Enter the time period Joseph Boyden writes about in The Orenda! War. Savagery. Bloodshed. But hold on a minute! Bruce G. Trigger writes in Natives and Newcomers, “There is little evidence of warfare between Hurons and 5 Nations Iroquois in prehistoric times.”
Here’s the crash course of the crash course:
Wendat and Haudenosaunee not at war. European comes, offends and harms Haudenosaunee, then settles many people on Haudenosaunee land. Eighty years later another European comes. No Haudenosaunee to be found. French secure fur trade with Wendats. Wendat and Haudenosaunee south of the Great Lakes/St. Lawrence River fight viciously!!

John Ralston Saul says this: “We don’t know what to do with the least palatable part of the settler story. We wanted the land. It belonged to someone else. We took it.” Hm. And I would add, we also made enemies of people formerly at peace and then turned around and called them savages! Holy Smokes – have we got some work to do before we can be considered good relations!

Good Relations – Women, 3 of 10

Geese 04 by Michael Chokomoolin
Geese 04 by Michael Chokomoolin

Prior to European settlement, the Haudenosaunee, or Iroquois of the Great Lakes region, were organized in a way that maintained a balance of equality between men and women.

When European women were not allowed to vote or run for office and were considered “dead in the law” once they married, Haudenosaunee women chose their chiefs and held political authority and key political offices as clan mothers.

When European law gave men the legal right to physically discipline their wives, violence against women was not tolerated amongst the Haudenosaunee. James Clinton, a general in the Sullivan Campaign that wiped most of the Haudenosaunee from New York State remarked that a Haudenosaunee man would never violate the chastity of any woman. He added this significant admonition to his colonel: ”It would be well to take measures to prevent a stain upon our army.”

When European women were responsible for the home but subordinate to the husband, to the point of losing all rights to property, children and even one’s own body, Haudenosaunee women owned their own property and farmed communally with other women.

When European women were forbidden to speak in churches and spirituality was disconnected from the earth, Haudenosaunee women held responsibilities in ceremonies and honoured Mother Earth along with the men.

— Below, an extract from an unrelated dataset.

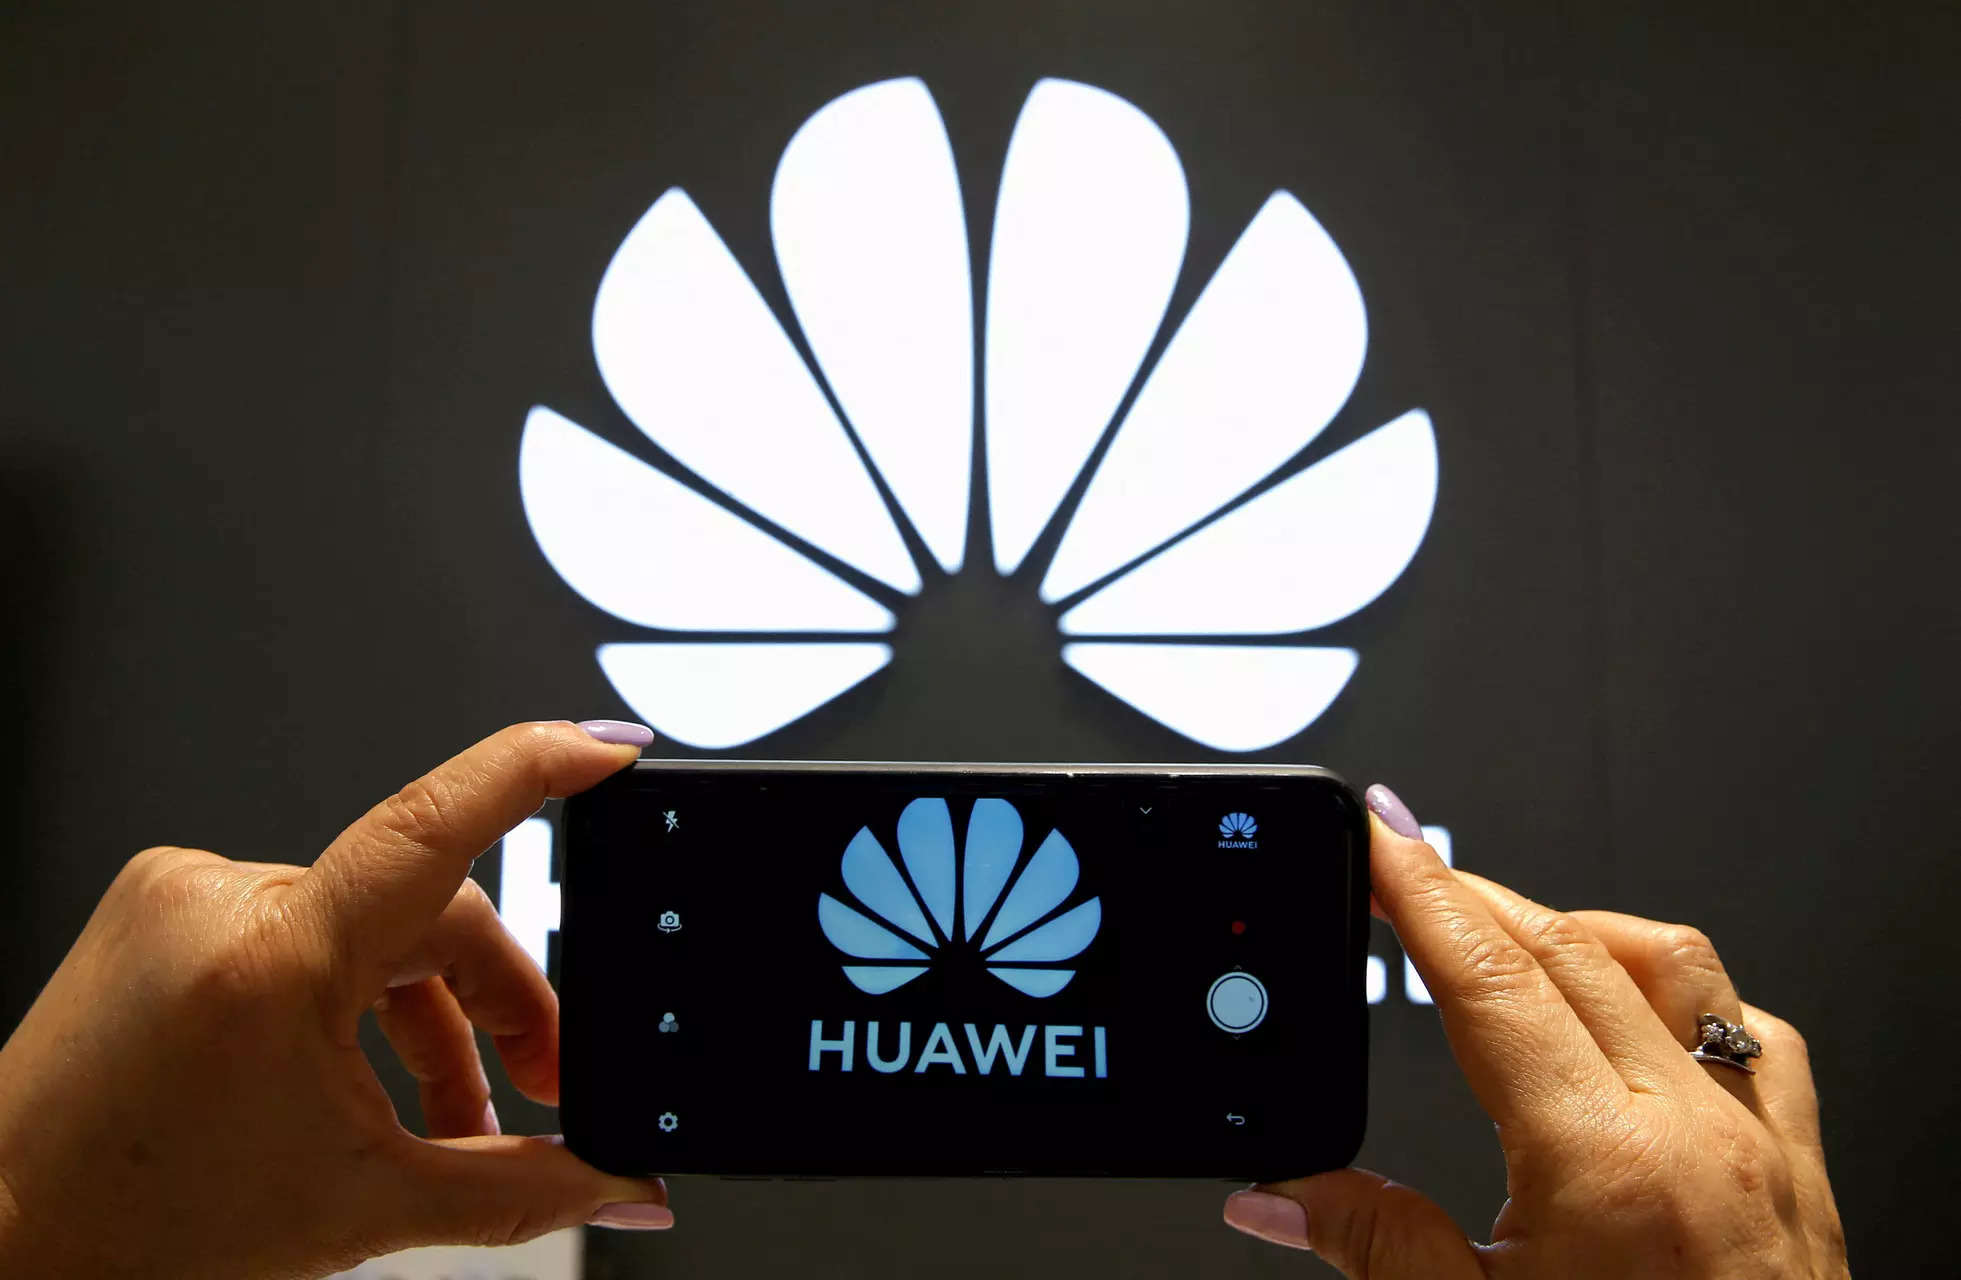 Chinese components double to 60% in new Huawei smartphone - Nikkei Asia

So imagine the societal trauma that came about when European ways began to rule the day! Alice Fletcher, a noted 19th Century suffragist and government agent, had this to say before the 1888 International Council of Women: “They have said: ‘As an Indian (sic) woman I was free. I owned my home, my person, the work of my own hands, and my children could never forget me. I was better as an Indian woman than under white law.” But the changes had been difficult on men too. Fletcher also had this to say, “Men have said: ‘Your laws show how little your men care for their women. The wife is nothing of herself. She is worth little but to help a man to have one hundred and sixty acres.’ One day sitting in the tent of an old chief, famous in war, he said to me: ‘My young men are to lay aside their weapons; they are to take up the work of the women; they will plow the field and raise the crops; for them I see a future, but my women, they to whom we owe everything, what is there for them to do? I see nothing! You are a woman; have pity on my women when everything is taken from them.’”

How did both men and women survive this change? I honestly don’t know, but it was a big one and I invite anyone who does know to raise your voice.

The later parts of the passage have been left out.